Re: Kirk Goldsberry Article & Sloan Paper - Databall

Posted: Tue Feb 11, 2014 10:14 pm
by bbstats
DSMok1 wrote:Or, perhaps, you use APM results to figure out how to assign those values.
That's an excellent idea. Perhaps even more logically, assign it a delta win-percent (or delta-win-probability weighted Points) since we're already in that sort of frame of reference. This would prevent scrubs from getting tons of credit when they aren't affecting the win.




Edit: Now I'm daydreaming about the extreme importance of cross-validation in a clutch/garbage time-adjustment....

Re: Kirk Goldsberry Article & Sloan Paper - Databall

Posted: Wed Feb 12, 2014 5:51 pm
by KirkG
Thanks, everybody - there is some great stuff in here.

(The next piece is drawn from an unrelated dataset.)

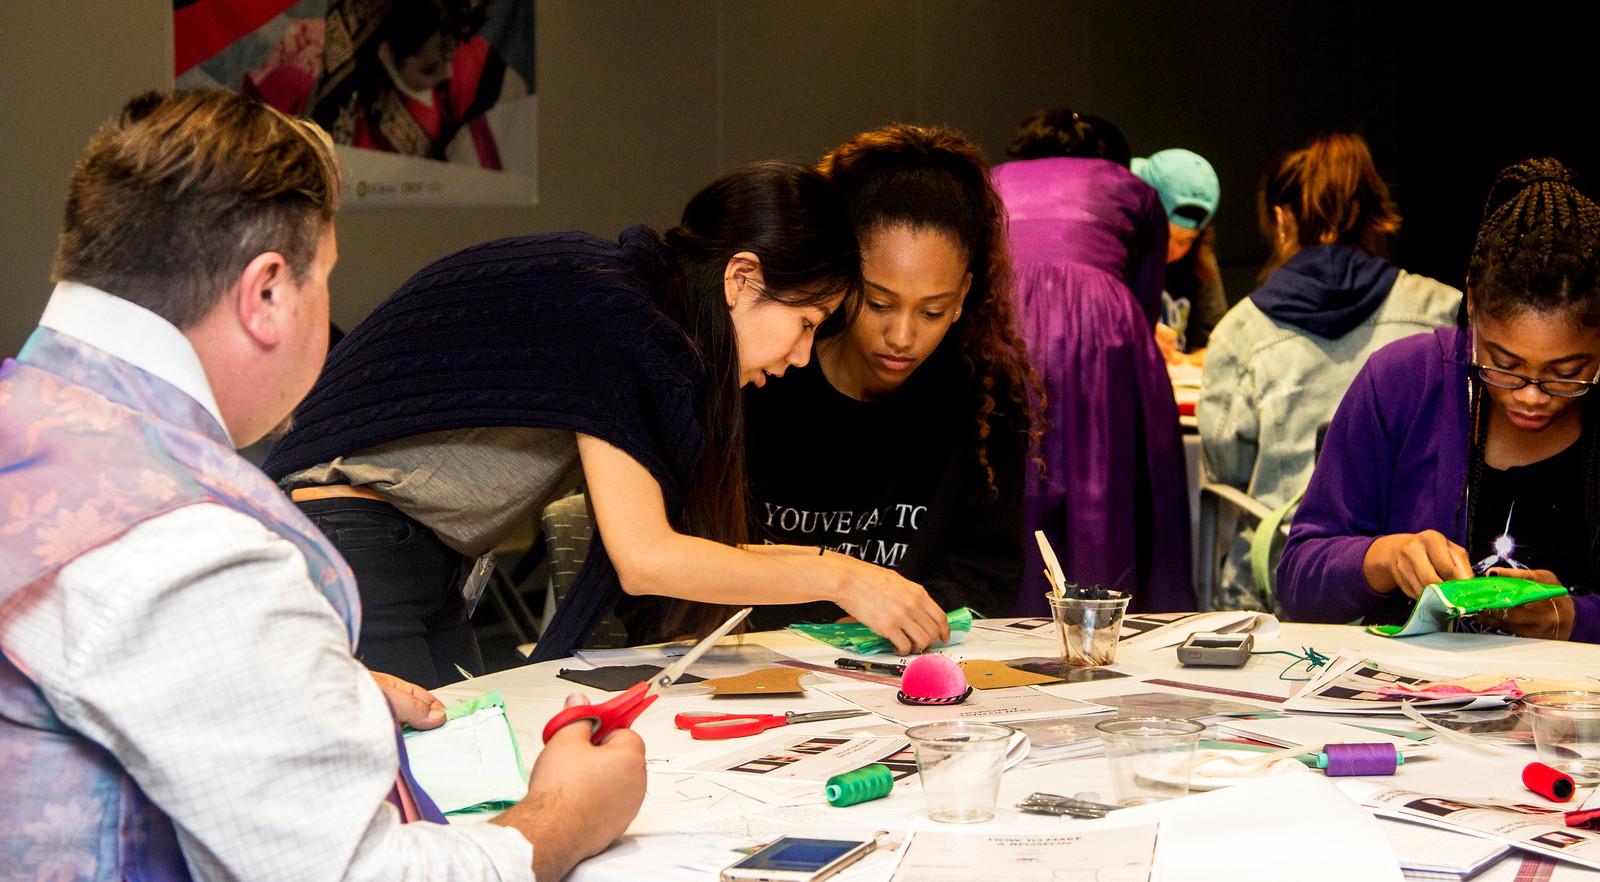 Summer Program - Theatre Arts   LMU Pre-College Programs: Design for Stage and Screen

Off-ball stuff is key and dividing credit is also really important. I also love the idea of weighting by win probability. Hope to see you at the Fours.

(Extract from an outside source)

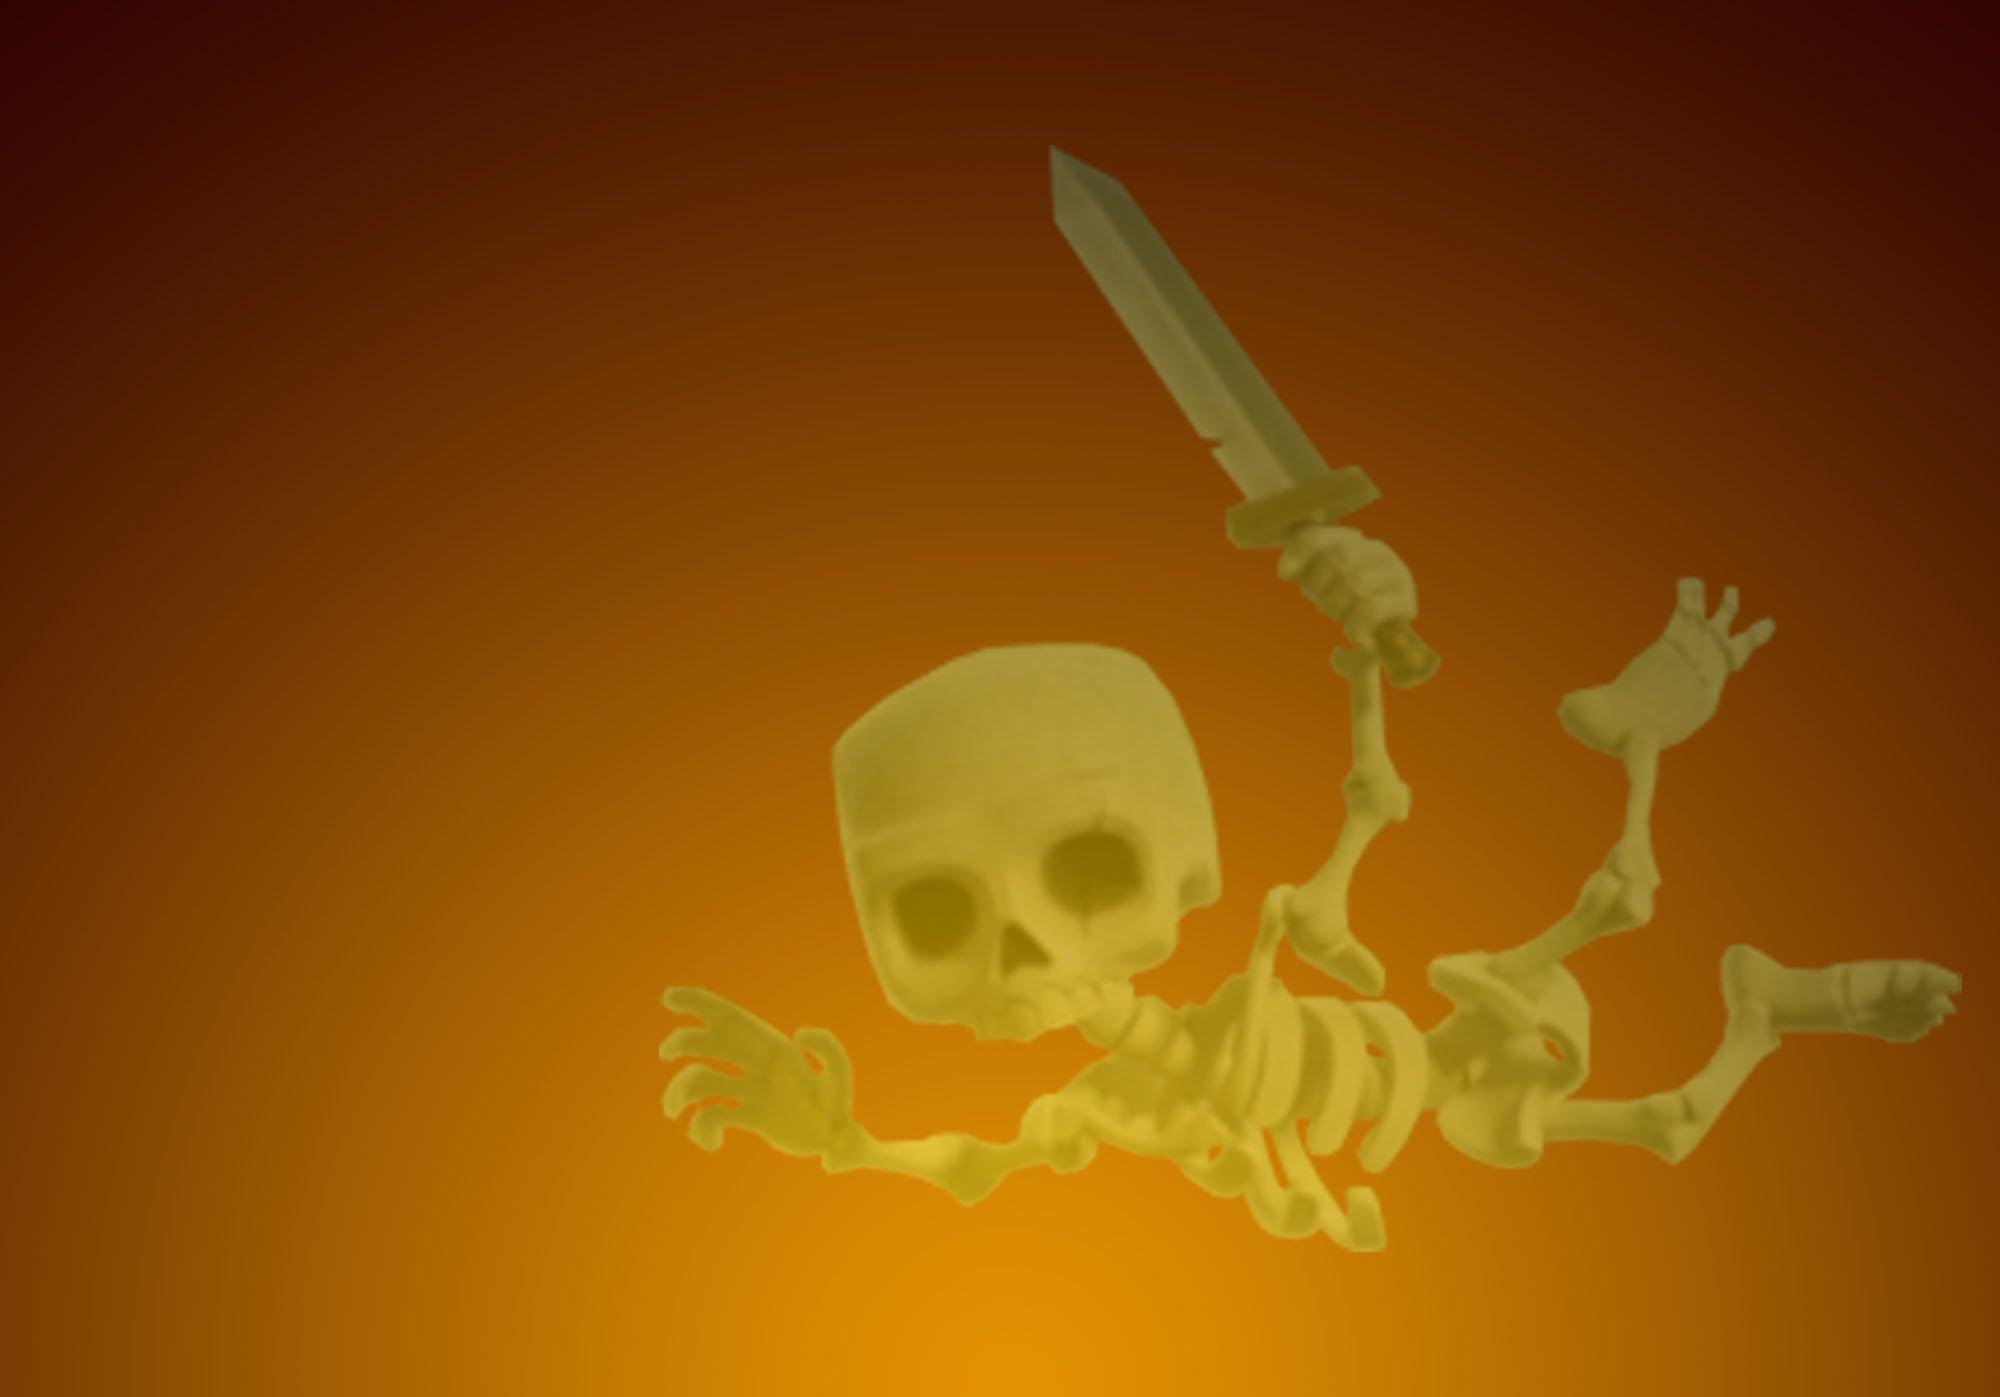 Clash of Clans Drop Ship/Skeleton

Re: Kirk Goldsberry Article & Sloan Paper - Databall

Posted: Wed Nov 05, 2014 7:59 pm
by Crow
What if instead of calculating EPV moving forward thru a possession, you did it backwards and maybe in just three parts. The shooter / scorer gets credit / blame for use of the possession except for the portion where EPV at time of pass reception is above league average. That portion is divided between the last passer and everybody with the last passer getting say 25-50% of the difference and everybody getting a share of the remainder in proportion to their (ORPM- off.reb portion of ORPM) - (OBPM-off. reb. portion of OBPM) and the cumulative sum of this value for the 5 players on the court, to capture their average rate of indirect contributions to offense, so as to avoid having to subjectively value all the pieces of preliminary movement, spacing including picks and passing on every unique play.